Automatic Prompt Token Budgeting

Sidecar automatically reduces prompt size during task prompt compilation to lower token usage while preserving prompt quality.

Beta: Prompt token budgeting is currently in beta and may evolve as we tune trimming behavior and metadata.

What it does

When Sidecar compiles an execution brief (sidecar prompt compile or task execution flow), it:

Estimates prompt size.
Keeps required execution-critical sections.
Deduplicates repeated items.
Trims optional high-volume context sections only when needed.
Adds concise overflow references (for example: + 12 more ... (see task packet for full list)).

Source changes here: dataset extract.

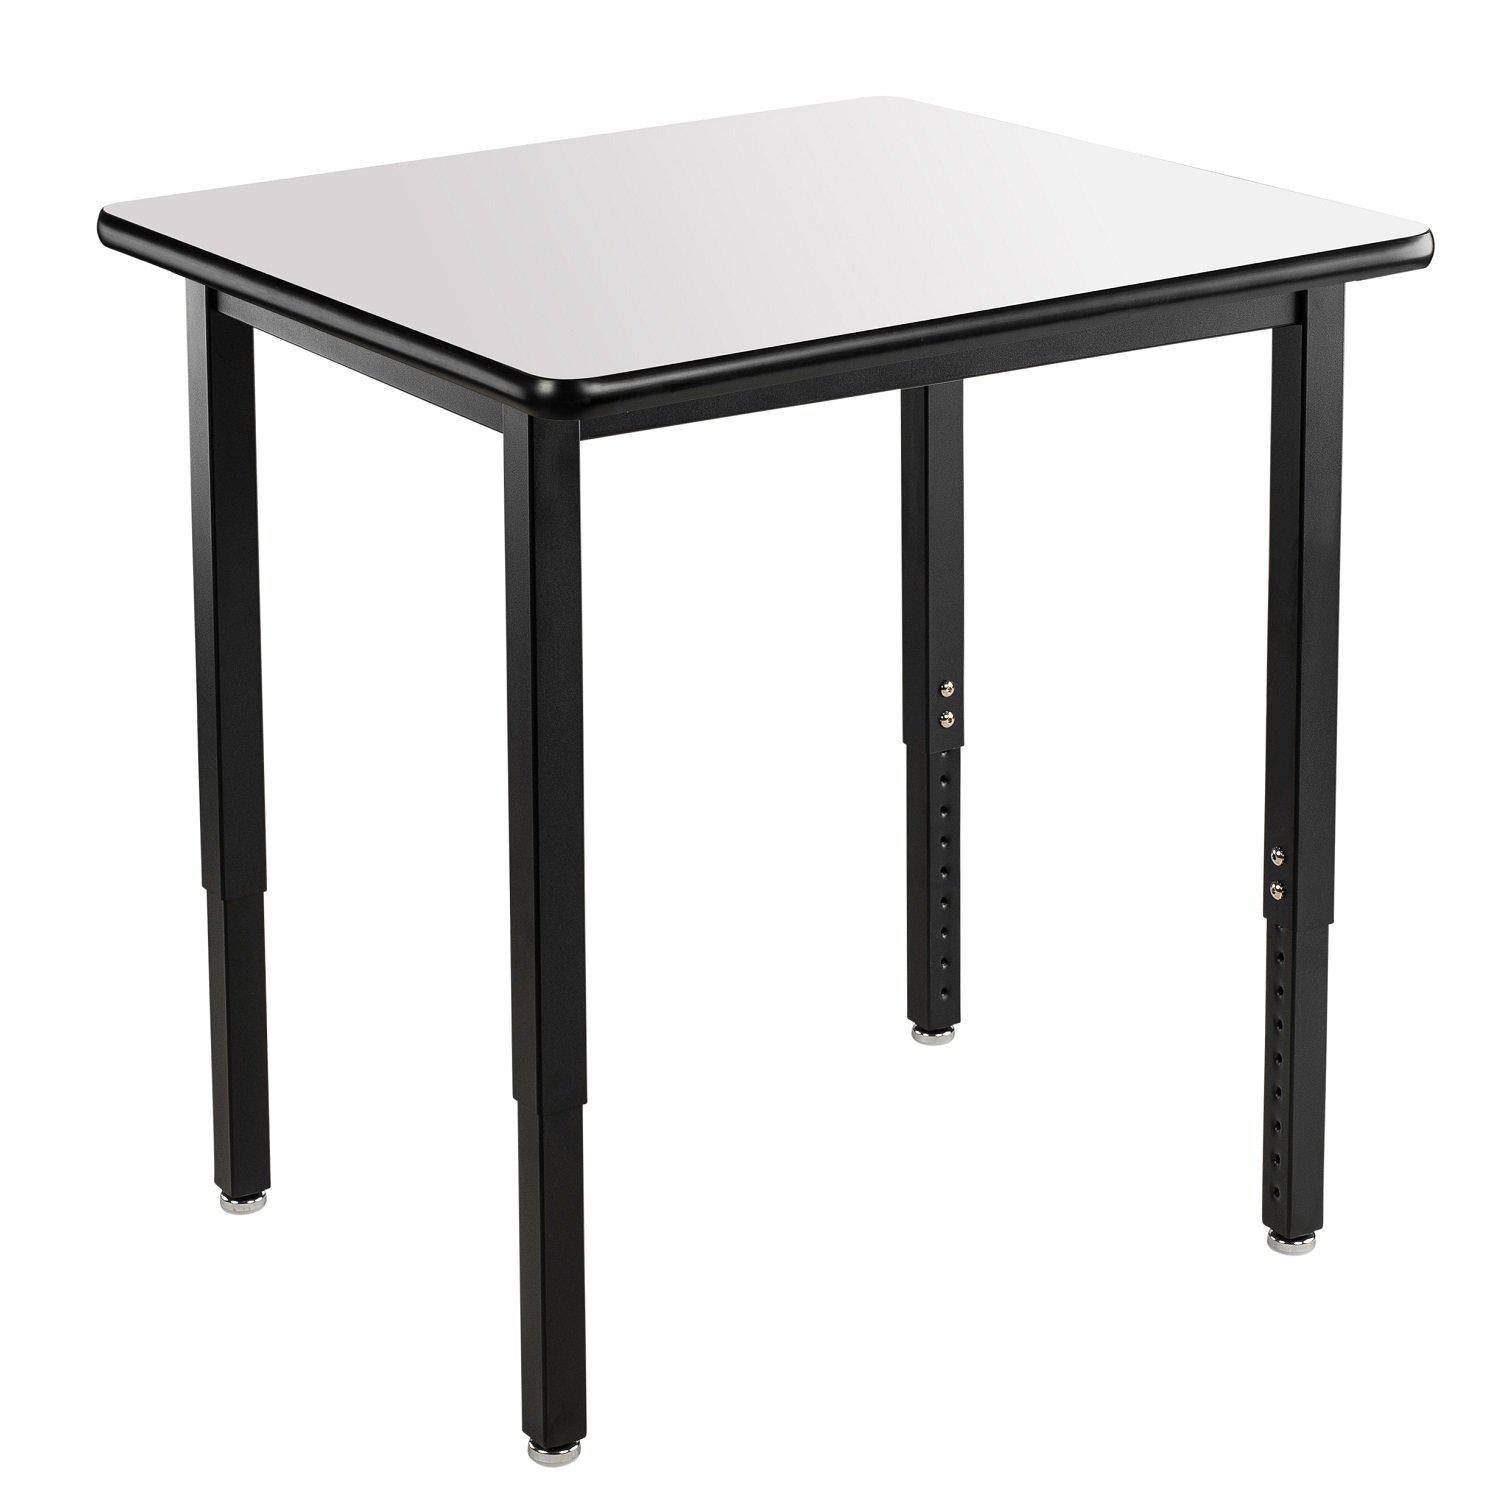 Heavy-Duty Height-Adjustable Utility Table, Black Frame, 36" x 36", Whiteboard High-Pressure Laminate Top

Required sections always preserved

Task
Objective
Why this matters
Constraints
Validation
Definition of done
Runner guidance
Final response format

Optional sections that may be trimmed

In scope
Out of scope
Read these first (files_to_read)
Avoid changing (files_to_avoid)
Linked decisions
Linked notes

Budget behavior (current defaults)

Target prompt budget: 1200 estimated tokens
Safety ceiling: 1500 estimated tokens

If the baseline prompt is under budget, no trimming happens.

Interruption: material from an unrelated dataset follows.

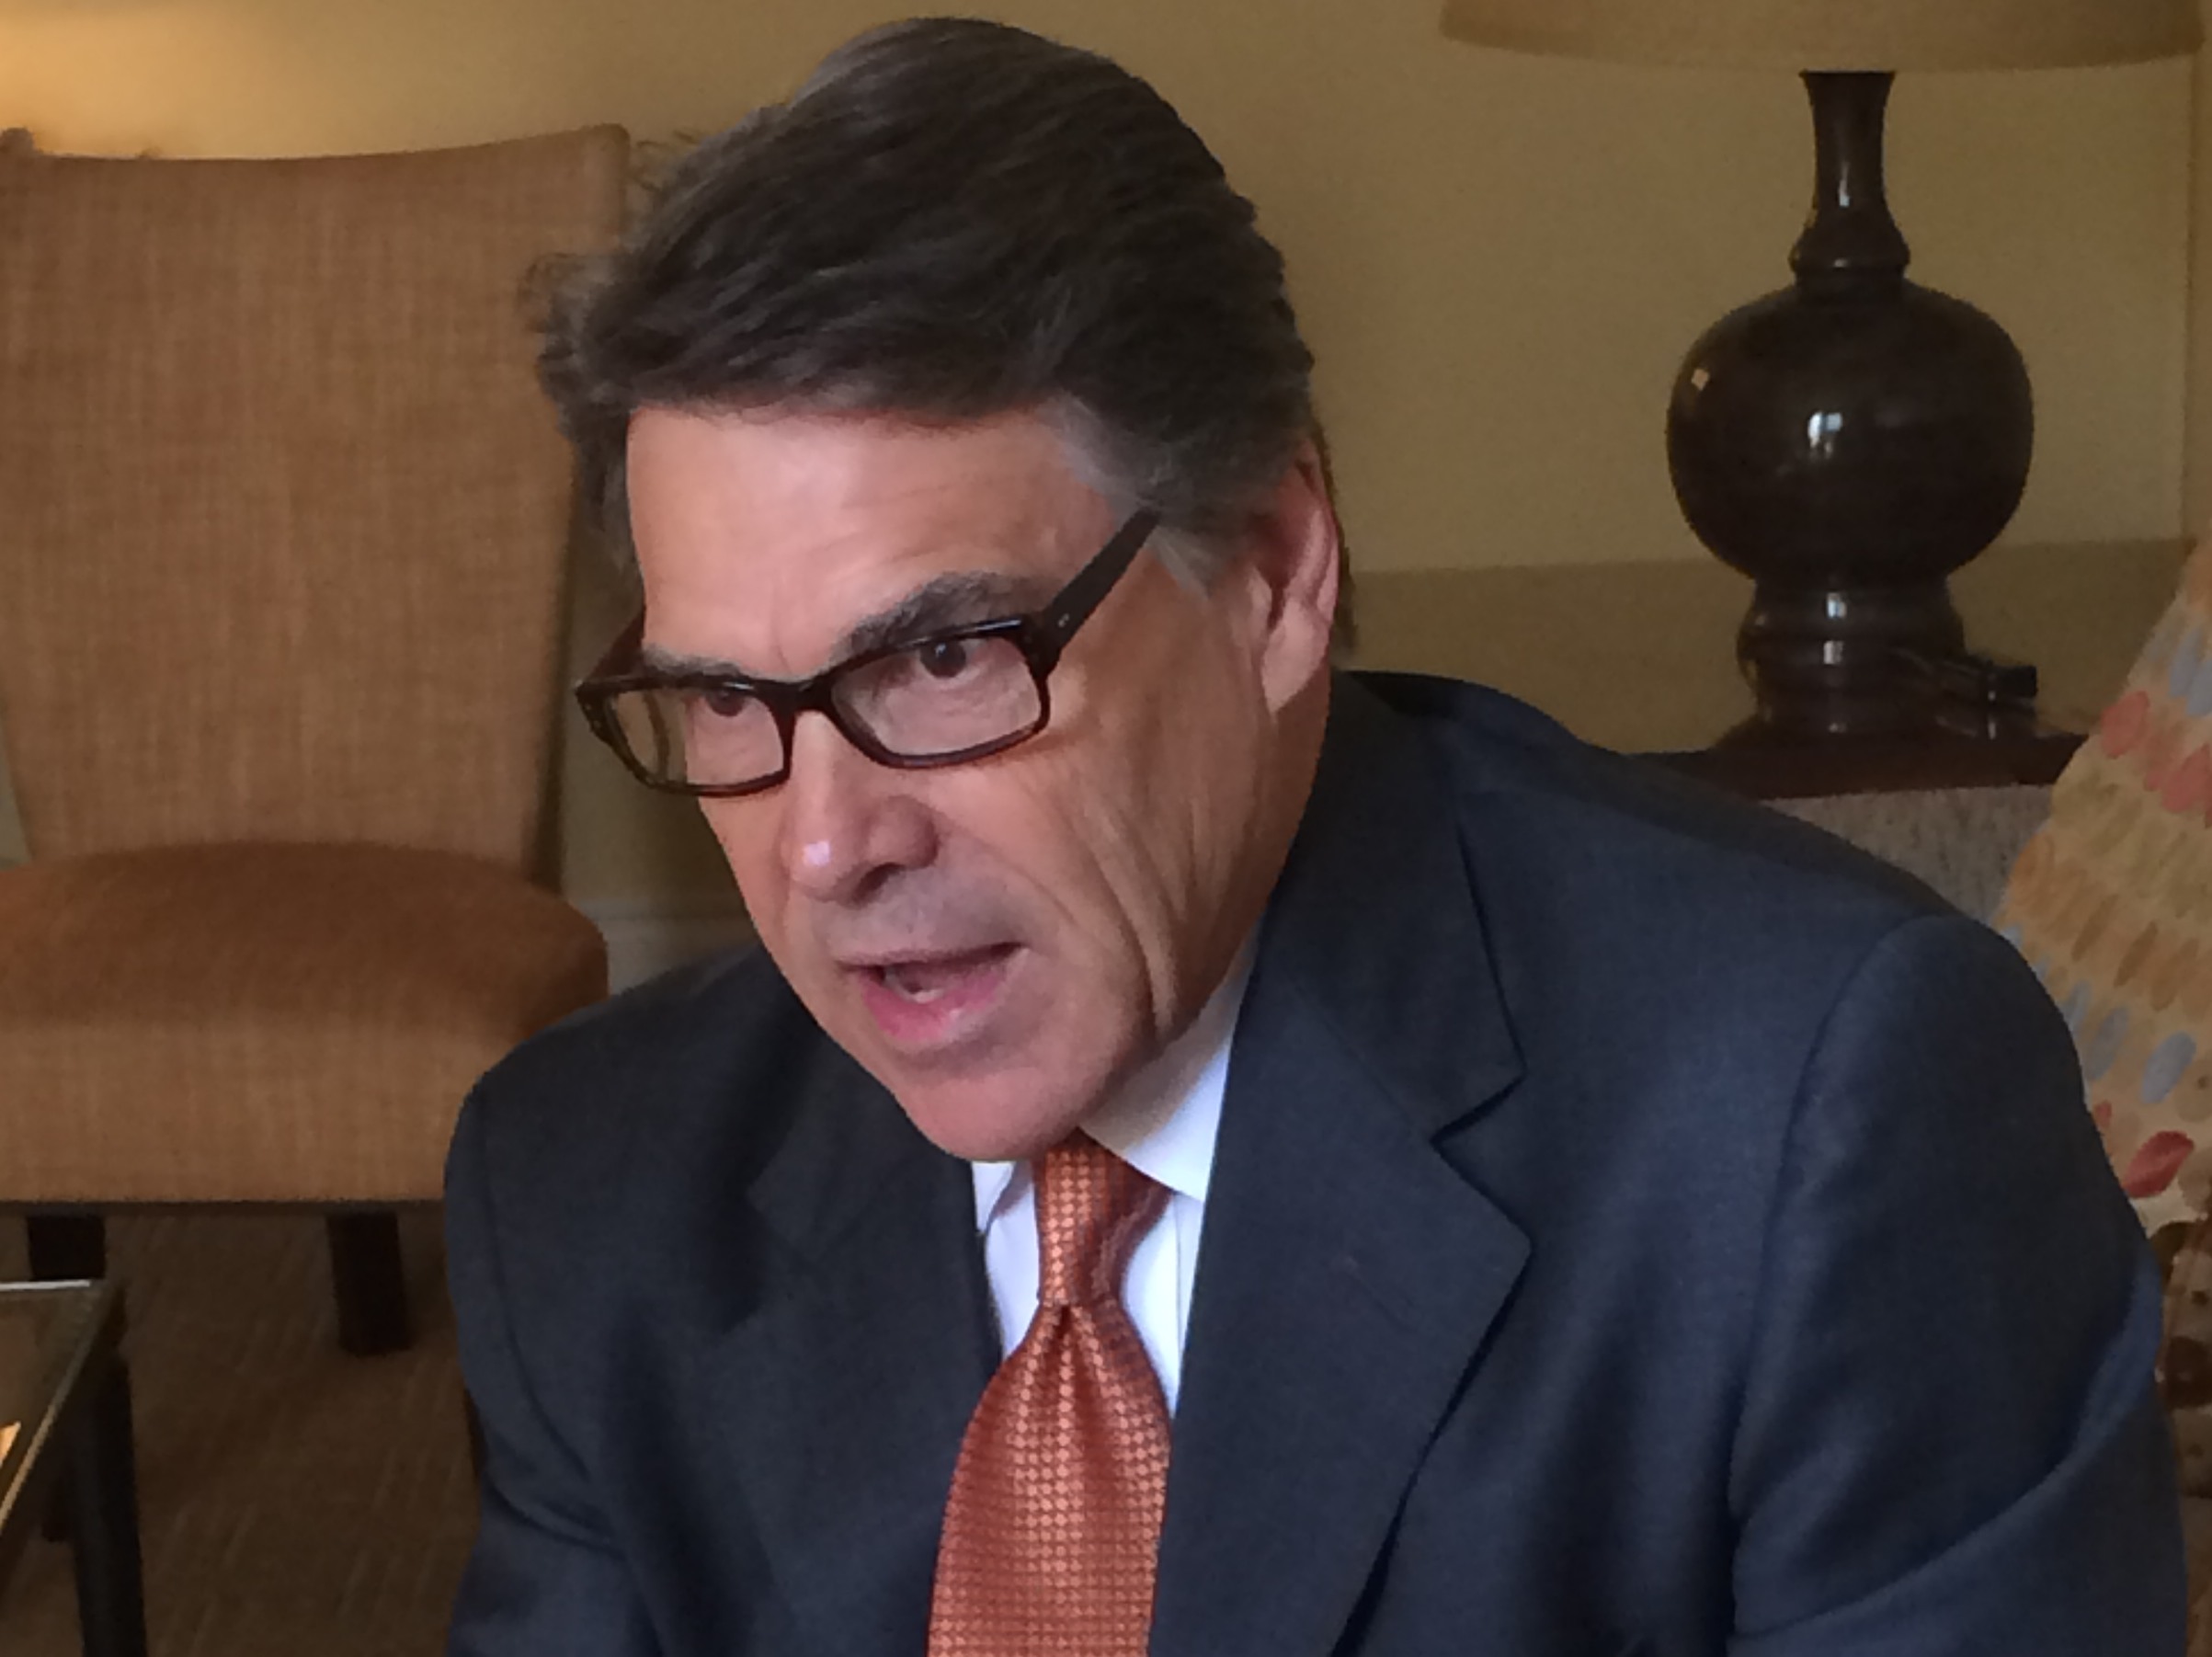 Dartmouth College Student Asks Rick Perry Explicit Question at Public Event

Where to see optimization results

Prompt optimization metadata is attached to run records and prompt compile output:

prompt_tokens_estimated_before
prompt_tokens_estimated_after
prompt_budget_target
prompt_trimmed_sections

Example output (JSON)

 prompt_optimization json 
 {
  "prompt_optimization": {
    "estimated_tokens_before": 5881,
    "estimated_tokens_after": 774,
    "budget_target": 1200,
    "budget_max": 1500,
    "trimmed_sections": [
      "in_scope",
      "out_of_scope",
      "files_to_read",
      "related_decisions",
      "related_notes"
    ]
  }
}